Department of Biochemical Sciences, CNR Institute of Molecular Biology and Pathology, Sapienza University of Rome, Piazzale Aldo Moro, 5, 00185, Rome, Italy.
J Biol Inorg Chem. 2011 Aug;16(6):869-80. doi: 10.1007/s00775-011-0784-9. Epub 2011 May 6.
DNA-binding proteins from starved cells (Dps) differ in the number and position of charged residues along the "ferritin-like" pores that are used by iron to reach the ferroxidase center and the protein cavity. These differences are shown to affect significantly the electrostatic potential at the pores, which determines the extent of cooperativity in the iron uptake kinetics and thereby the mass distribution of the ferric hydroxide micelles inside the protein cavity. These conclusions are of biotechnological value in the preparation of protein-enclosed nanomaterials and are expected to apply also to ferritins. They were reached after characterization of the Dps from Listeria innocua, Helicobacter pylori, Thermosynechococcus elongatus, Escherichia coli, and Mycobacterium smegmatis. The characterization comprised the calculation of the electrostatic potential at the pores, determination of the iron uptake kinetics in the presence of molecular oxygen or hydrogen peroxide, and analysis of the proteins by means of the sedimentation velocity after iron incorporation.

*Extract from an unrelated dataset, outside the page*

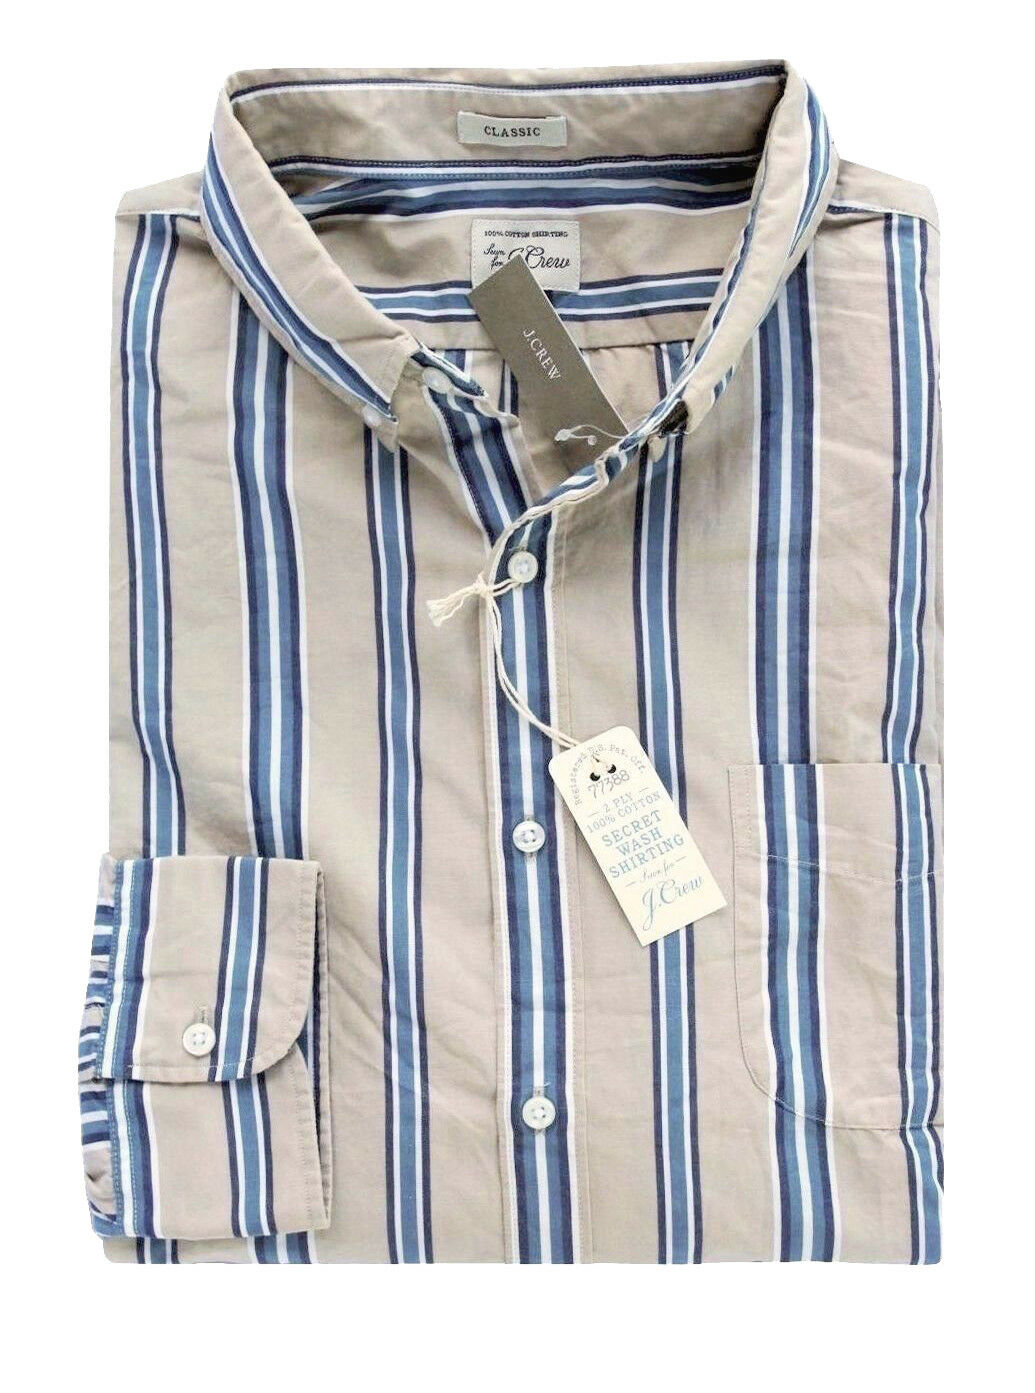 J.Crew - Men's XS - Classic Fit - NWT - Khaki bluee Striped Secret Wash Shirt
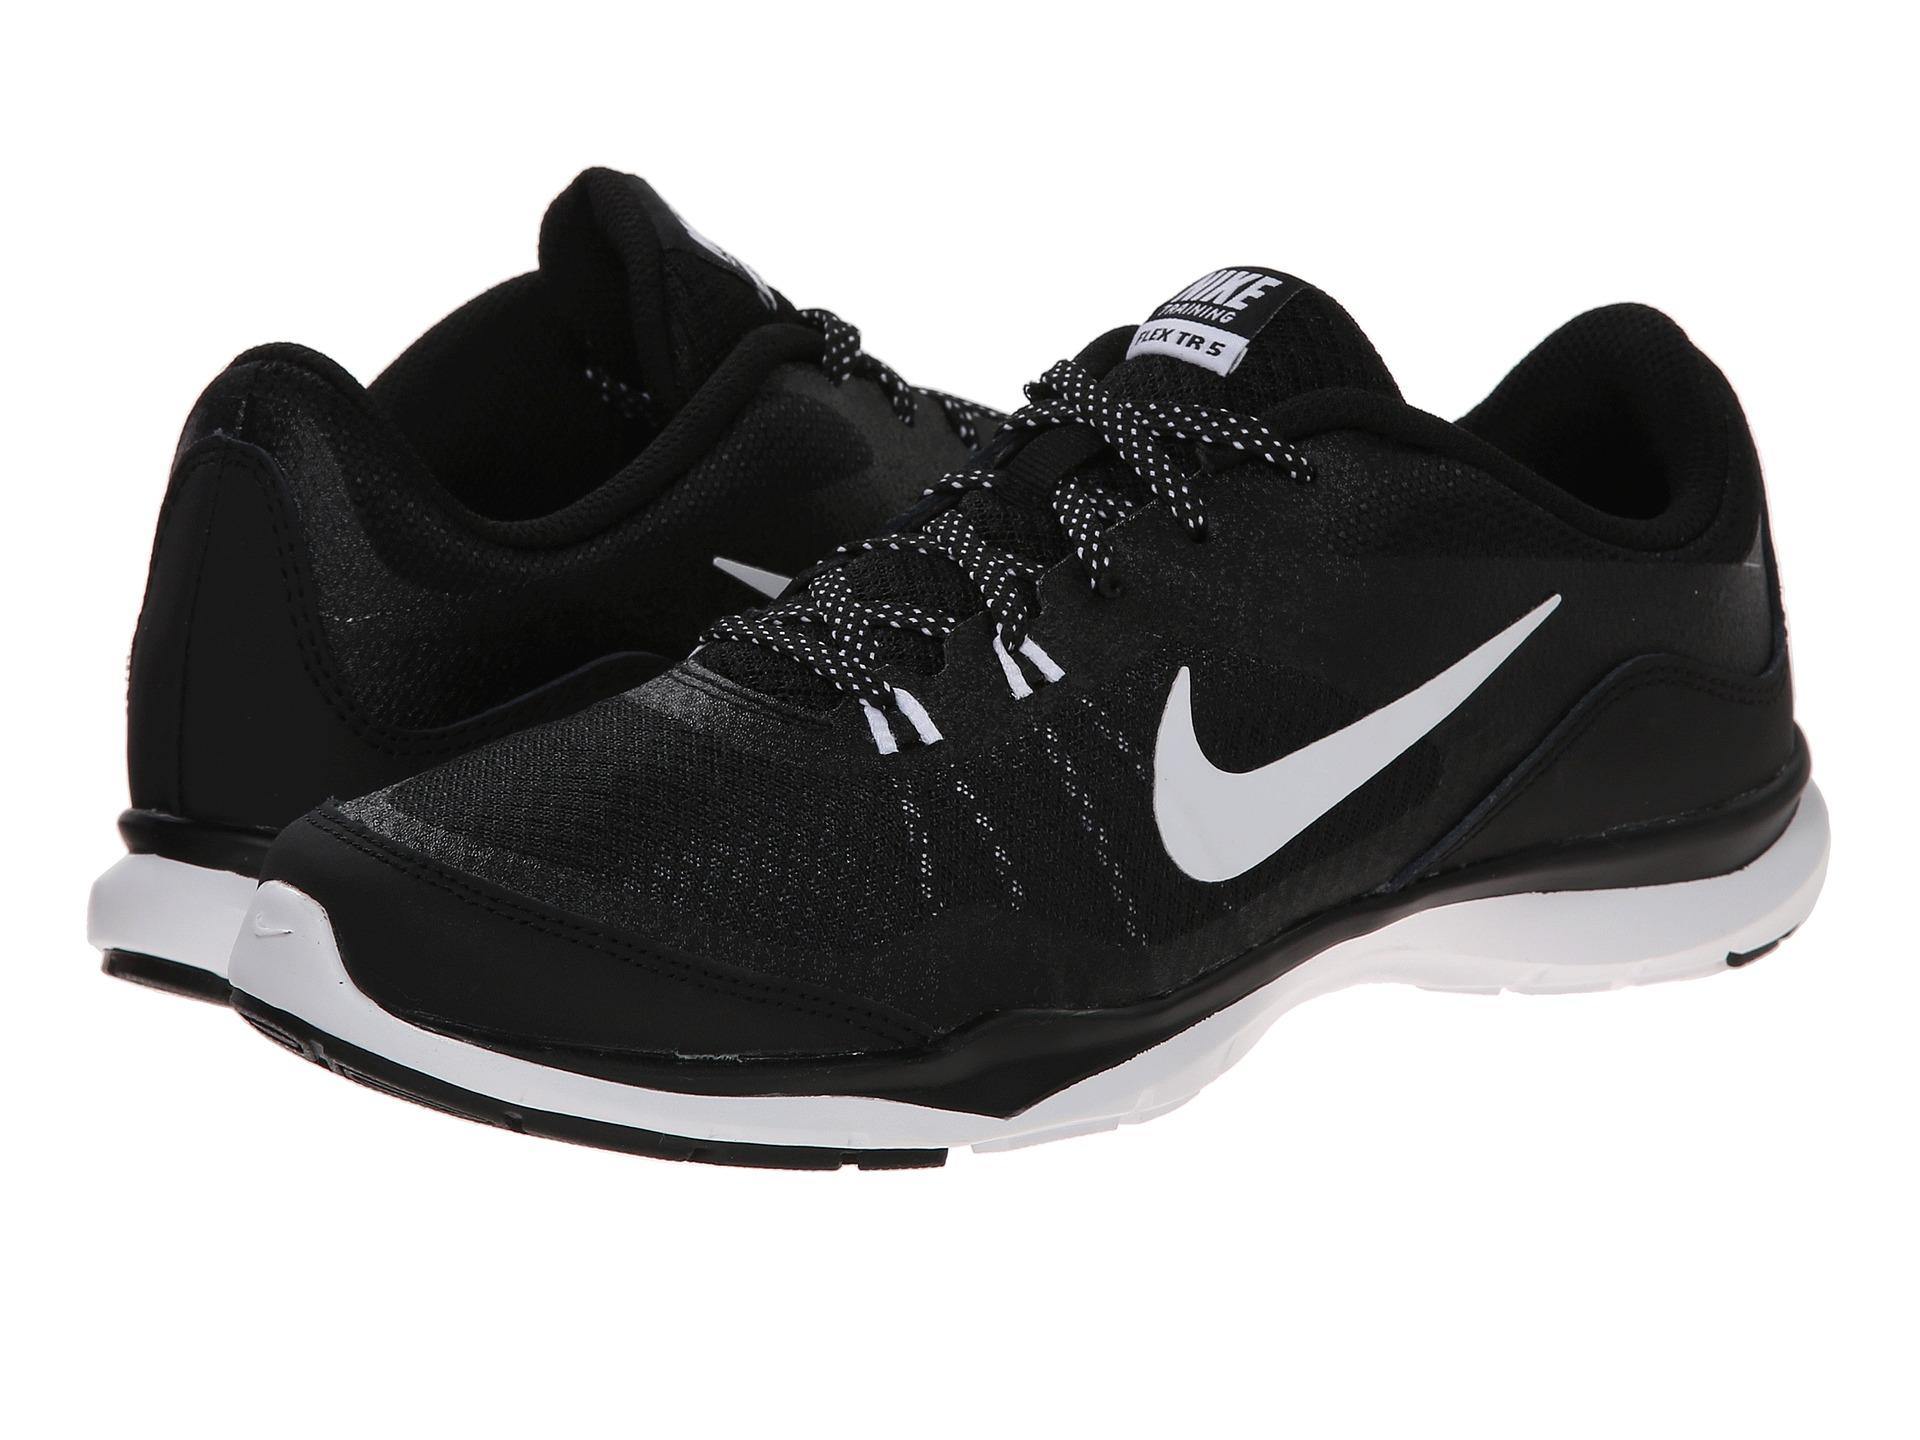 Nike Core Flex Training Shoes

饥饿细胞中的 DNA 结合蛋白(Dps)在“类铁蛋白”孔中的带电残基的数量和位置上存在差异,这些孔是铁到达亚铁氧化酶中心和蛋白质腔所必需的。这些差异显著影响了孔中的静电势,从而决定了铁摄取动力学中的协同程度,进而决定了蛋白质腔内部的氢氧化铁胶束的质量分布。这些结论在制备蛋白质包裹的纳米材料方面具有生物技术价值,预计也适用于铁蛋白。这些结论是在对无害李斯特菌、幽门螺杆菌、 elongatus 热球菌、大肠杆菌和耻垢分枝杆菌的 Dps 进行特性描述后得出的。这些特性描述包括计算孔中的静电势,确定在分子氧或过氧化氢存在下的铁摄取动力学,以及通过铁掺入后的沉降速度分析蛋白质。